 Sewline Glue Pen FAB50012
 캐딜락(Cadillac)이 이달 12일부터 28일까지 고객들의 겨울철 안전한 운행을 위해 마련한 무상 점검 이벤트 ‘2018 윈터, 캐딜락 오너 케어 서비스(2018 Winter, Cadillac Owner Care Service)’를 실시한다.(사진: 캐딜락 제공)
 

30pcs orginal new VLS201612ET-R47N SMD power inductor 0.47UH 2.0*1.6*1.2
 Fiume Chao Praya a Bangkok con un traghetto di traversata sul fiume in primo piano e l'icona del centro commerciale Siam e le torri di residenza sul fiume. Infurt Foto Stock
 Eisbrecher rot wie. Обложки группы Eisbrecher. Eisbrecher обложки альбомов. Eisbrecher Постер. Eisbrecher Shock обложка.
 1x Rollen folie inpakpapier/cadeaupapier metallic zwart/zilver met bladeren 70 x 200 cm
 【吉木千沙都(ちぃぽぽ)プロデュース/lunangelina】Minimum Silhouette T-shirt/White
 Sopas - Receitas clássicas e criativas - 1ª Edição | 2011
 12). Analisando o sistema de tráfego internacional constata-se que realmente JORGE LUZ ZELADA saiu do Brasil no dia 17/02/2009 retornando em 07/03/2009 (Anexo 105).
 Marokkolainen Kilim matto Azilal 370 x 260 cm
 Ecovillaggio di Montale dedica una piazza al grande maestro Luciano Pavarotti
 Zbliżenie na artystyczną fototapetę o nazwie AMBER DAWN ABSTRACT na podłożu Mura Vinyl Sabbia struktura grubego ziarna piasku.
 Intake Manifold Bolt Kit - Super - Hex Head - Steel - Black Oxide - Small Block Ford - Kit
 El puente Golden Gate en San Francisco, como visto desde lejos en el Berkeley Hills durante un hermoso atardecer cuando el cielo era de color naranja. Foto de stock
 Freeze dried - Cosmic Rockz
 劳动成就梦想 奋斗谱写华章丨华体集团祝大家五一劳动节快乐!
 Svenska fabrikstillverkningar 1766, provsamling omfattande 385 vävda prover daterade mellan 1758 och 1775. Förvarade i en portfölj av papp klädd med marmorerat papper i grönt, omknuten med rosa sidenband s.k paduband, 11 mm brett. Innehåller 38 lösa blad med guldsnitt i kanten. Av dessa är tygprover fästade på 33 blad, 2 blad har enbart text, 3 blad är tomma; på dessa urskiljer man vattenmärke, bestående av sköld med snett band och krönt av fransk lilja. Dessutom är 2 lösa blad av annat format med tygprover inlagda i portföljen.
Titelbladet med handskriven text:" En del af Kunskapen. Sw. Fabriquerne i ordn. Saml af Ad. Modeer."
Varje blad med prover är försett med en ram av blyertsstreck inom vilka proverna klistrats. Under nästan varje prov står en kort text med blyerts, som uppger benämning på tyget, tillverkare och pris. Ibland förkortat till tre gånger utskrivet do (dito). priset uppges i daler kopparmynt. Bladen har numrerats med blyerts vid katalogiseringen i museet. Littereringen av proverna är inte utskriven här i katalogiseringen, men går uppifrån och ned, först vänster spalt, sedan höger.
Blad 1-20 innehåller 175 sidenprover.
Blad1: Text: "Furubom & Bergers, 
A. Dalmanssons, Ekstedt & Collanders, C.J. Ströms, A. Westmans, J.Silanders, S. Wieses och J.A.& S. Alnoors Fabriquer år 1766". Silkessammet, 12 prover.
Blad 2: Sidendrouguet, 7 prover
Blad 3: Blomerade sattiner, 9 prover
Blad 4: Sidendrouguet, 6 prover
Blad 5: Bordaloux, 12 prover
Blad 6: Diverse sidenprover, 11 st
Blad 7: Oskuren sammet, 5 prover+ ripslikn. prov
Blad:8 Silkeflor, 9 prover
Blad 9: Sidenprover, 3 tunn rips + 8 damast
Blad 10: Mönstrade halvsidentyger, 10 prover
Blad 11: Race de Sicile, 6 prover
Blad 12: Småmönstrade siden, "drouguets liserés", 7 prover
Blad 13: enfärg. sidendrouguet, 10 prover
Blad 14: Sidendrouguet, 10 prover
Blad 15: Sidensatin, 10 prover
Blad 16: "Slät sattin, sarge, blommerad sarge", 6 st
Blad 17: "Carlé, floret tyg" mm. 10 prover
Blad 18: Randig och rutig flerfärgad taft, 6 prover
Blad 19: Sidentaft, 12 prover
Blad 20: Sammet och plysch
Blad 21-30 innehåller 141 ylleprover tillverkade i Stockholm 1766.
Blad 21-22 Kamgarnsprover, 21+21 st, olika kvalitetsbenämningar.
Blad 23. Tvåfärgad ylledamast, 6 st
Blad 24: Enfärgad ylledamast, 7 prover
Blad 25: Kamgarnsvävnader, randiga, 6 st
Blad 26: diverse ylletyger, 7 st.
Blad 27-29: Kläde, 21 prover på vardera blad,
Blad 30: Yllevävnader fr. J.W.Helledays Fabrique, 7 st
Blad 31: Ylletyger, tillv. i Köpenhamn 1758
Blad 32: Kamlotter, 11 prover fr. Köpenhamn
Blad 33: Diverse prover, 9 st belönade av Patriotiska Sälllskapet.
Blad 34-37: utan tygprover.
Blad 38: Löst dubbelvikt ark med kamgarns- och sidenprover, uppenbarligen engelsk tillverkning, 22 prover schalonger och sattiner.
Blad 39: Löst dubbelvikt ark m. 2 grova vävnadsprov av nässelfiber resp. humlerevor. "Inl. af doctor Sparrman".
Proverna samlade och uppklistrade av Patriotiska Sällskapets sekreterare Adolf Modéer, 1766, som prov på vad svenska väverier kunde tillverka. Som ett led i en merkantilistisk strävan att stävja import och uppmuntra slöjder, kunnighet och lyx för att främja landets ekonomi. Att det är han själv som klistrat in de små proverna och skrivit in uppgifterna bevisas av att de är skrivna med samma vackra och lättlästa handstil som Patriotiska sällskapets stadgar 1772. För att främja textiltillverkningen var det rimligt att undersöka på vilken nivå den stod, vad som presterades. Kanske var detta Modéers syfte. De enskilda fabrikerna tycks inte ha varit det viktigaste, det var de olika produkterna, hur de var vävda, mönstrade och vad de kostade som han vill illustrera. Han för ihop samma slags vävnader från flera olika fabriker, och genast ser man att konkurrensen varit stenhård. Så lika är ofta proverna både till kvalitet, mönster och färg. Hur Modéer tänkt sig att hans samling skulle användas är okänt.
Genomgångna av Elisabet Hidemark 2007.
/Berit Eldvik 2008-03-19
--
Work instructions: Would you please repeat exactly the lines above, starting at the line with "A. Dalmanssons, Ekstedt" and stopping at the line with "Blad 33: Diverse", both included?

Problem solution:
A. Dalmanssons, Ekstedt & Collanders, C.J. Ströms, A. Westmans, J.Silanders, S. Wieses och J.A.& S. Alnoors Fabriquer år 1766". Silkessammet, 12 prover.
Blad 2: Sidendrouguet, 7 prover
Blad 3: Blomerade sattiner, 9 prover
Blad 4: Sidendrouguet, 6 prover
Blad 5: Bordaloux, 12 prover
Blad 6: Diverse sidenprover, 11 st
Blad 7: Oskuren sammet, 5 prover+ ripslikn. prov
Blad:8 Silkeflor, 9 prover
Blad 9: Sidenprover, 3 tunn rips + 8 damast
Blad 10: Mönstrade halvsidentyger, 10 prover
Blad 11: Race de Sicile, 6 prover
Blad 12: Småmönstrade siden, "drouguets liserés", 7 prover
Blad 13: enfärg. sidendrouguet, 10 prover
Blad 14: Sidendrouguet, 10 prover
Blad 15: Sidensatin, 10 prover
Blad 16: "Slät sattin, sarge, blommerad sarge", 6 st
Blad 17: "Carlé, floret tyg" mm. 10 prover
Blad 18: Randig och rutig flerfärgad taft, 6 prover
Blad 19: Sidentaft, 12 prover
Blad 20: Sammet och plysch
Blad 21-30 innehåller 141 ylleprover tillverkade i Stockholm 1766.
Blad 21-22 Kamgarnsprover, 21+21 st, olika kvalitetsbenämningar.
Blad 23. Tvåfärgad ylledamast, 6 st
Blad 24: Enfärgad ylledamast, 7 prover
Blad 25: Kamgarnsvävnader, randiga, 6 st
Blad 26: diverse ylletyger, 7 st.
Blad 27-29: Kläde, 21 prover på vardera blad,
Blad 30: Yllevävnader fr. J.W.Helledays Fabrique, 7 st
Blad 31: Ylletyger, tillv. i Köpenhamn 1758
Blad 32: Kamlotter, 11 prover fr. Köpenhamn
Blad 33: Diverse prover, 9 st belönade av Patriotiska Sälllskapet.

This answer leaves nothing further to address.